What is gas?

The extra cost necessary to carry out a smart contract or transaction on the blockchain network is referred to as gas in the decentralised U2U network.

Why is this there? There are a few significant restrictions when it comes to using smart contracts:

  1. To ensure the authenticity of every deployed transaction, smart contract, or execution of a smart contract, each entire node on the U2U network must execute it. Although newer blockchains are streamlining this, this is incredibly inefficient.

  2. Smart contracts have the ability to run indefinitely since they are Turing complete, locking up every node on the blockchain.

Gas in U2U network refers to the additional fee required to execute a smart contract or transaction on the blockchain network.

What is Turing completeness?

Given enough time and resources, a programming language that is Turing complete can, in theory, solve or represent any computational issue, regardless of how difficult it may be. That specifically has the following implications:

  1. Though the implementation might be excessively time-consuming, every Turing complete language can theoretically be used to describe the logic of another Turing complete language.

  2. Turing-complete programmes are capable of looping endlessly. In truth, there is no way to conclusively demonstrate that such a programme won't end up running indefinitely (the "halting problem").

For example, a regular calculator is not Turing complete, because it allows for only a few types of calculations. However, a computer or scientific calculator is Turing complete because any type of program can be executed on it.

Since smart contract programs can run forever, gas has become the practical way in U2U network to manage the impact of a blockchain program! Every computation or transaction made on the blockchain costs some fees. These fees prevent expensive (or endless) contract executions, ensure miners are fairly compensated for the work they do, and provide a fair market to prioritize which transactions make it onto the blockchain.

Calculating Gas Costs

For any given program, the total gas used is calculated as the sum of the gas for each operation executed by the Ostracism Virtual Machine (EVM-compatible). For example, adding two numbers in a smart contract costs 3 gas, whereas sending a transaction costs 21,000 gas.

The total cost of gas is found by taking the amount of gas used in by a smart contract and multiplying by the gas price, a value set by you, the transaction sender.

Setting a higher gas price for your transaction means it's more likely to be confirmed on the blockchain. However, it also costs more U2U for the sender.

Another important value that can be set is the gas limit, or the maximum amount of gas you're willing to spend on your transaction.

By multiplying the gas price by the gas limit, you'll get the maximum amount of Ether you're allowing Ethereum to spend on gas fees for any particular transaction.

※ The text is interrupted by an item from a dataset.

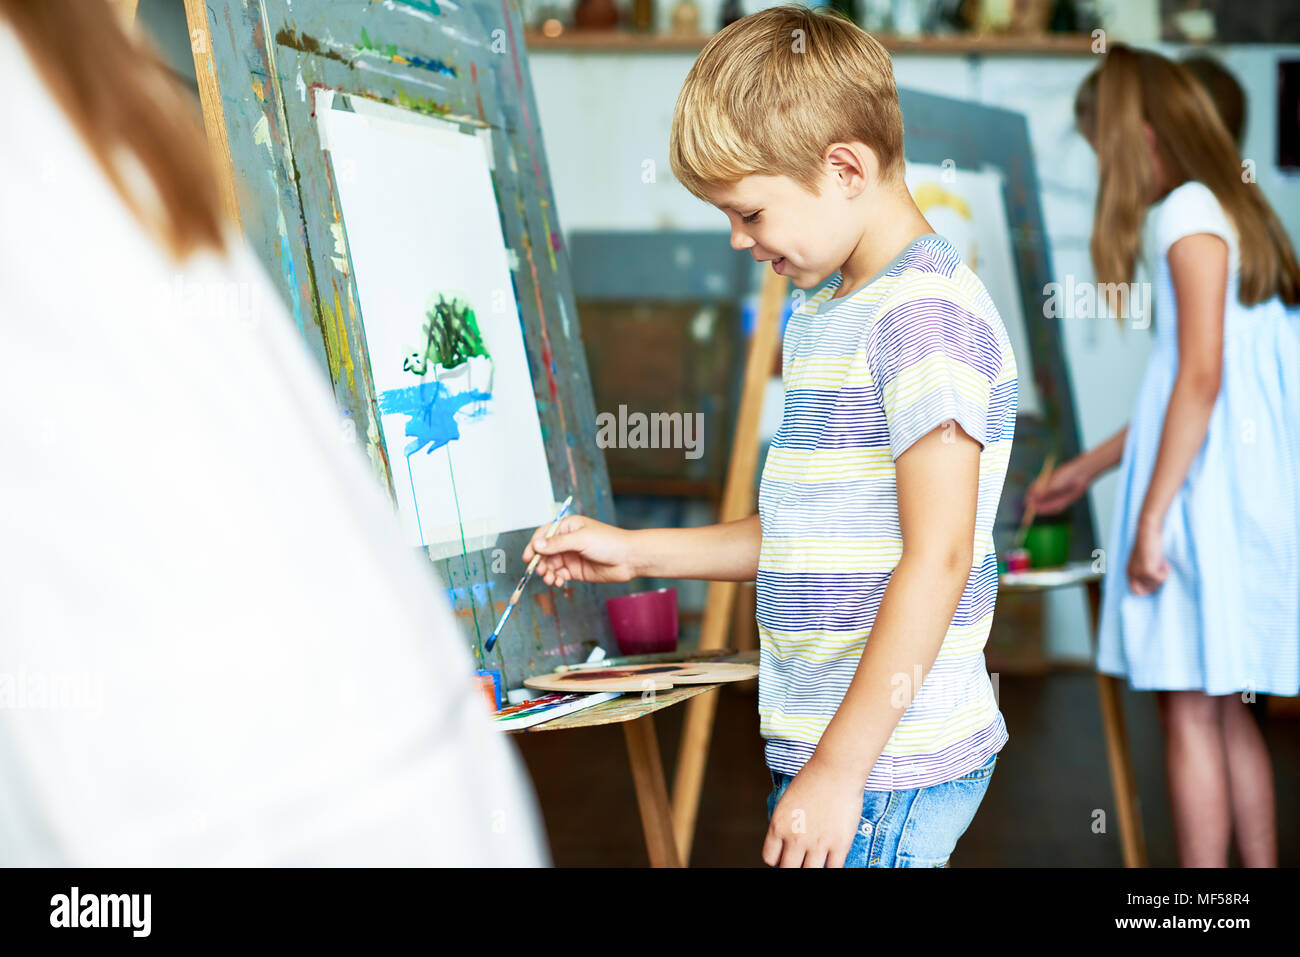 Little Boy Painting Picture in School Stock Photo

What is "gwei" or "wei", and how do they relate to U2U?

“Wei” is the smallest unit of U2U, where 10¹⁸ Wei represents 1 U2U. One gwei is 10⁹ wei, and there are 10⁹ gwei per U2U.

Learn about gas execution

When a smart contract call is made, the call (or transaction) will attempt to use the gas provided while the program is executed.

  • If the call succeeds, the unused gas will be returned to the sender.

  • If the call fails because it ran out of gas, the entire transaction will revert, undoing all changes to the blockchain. None of the gas will be returned, since it will all have been used up during the computation process.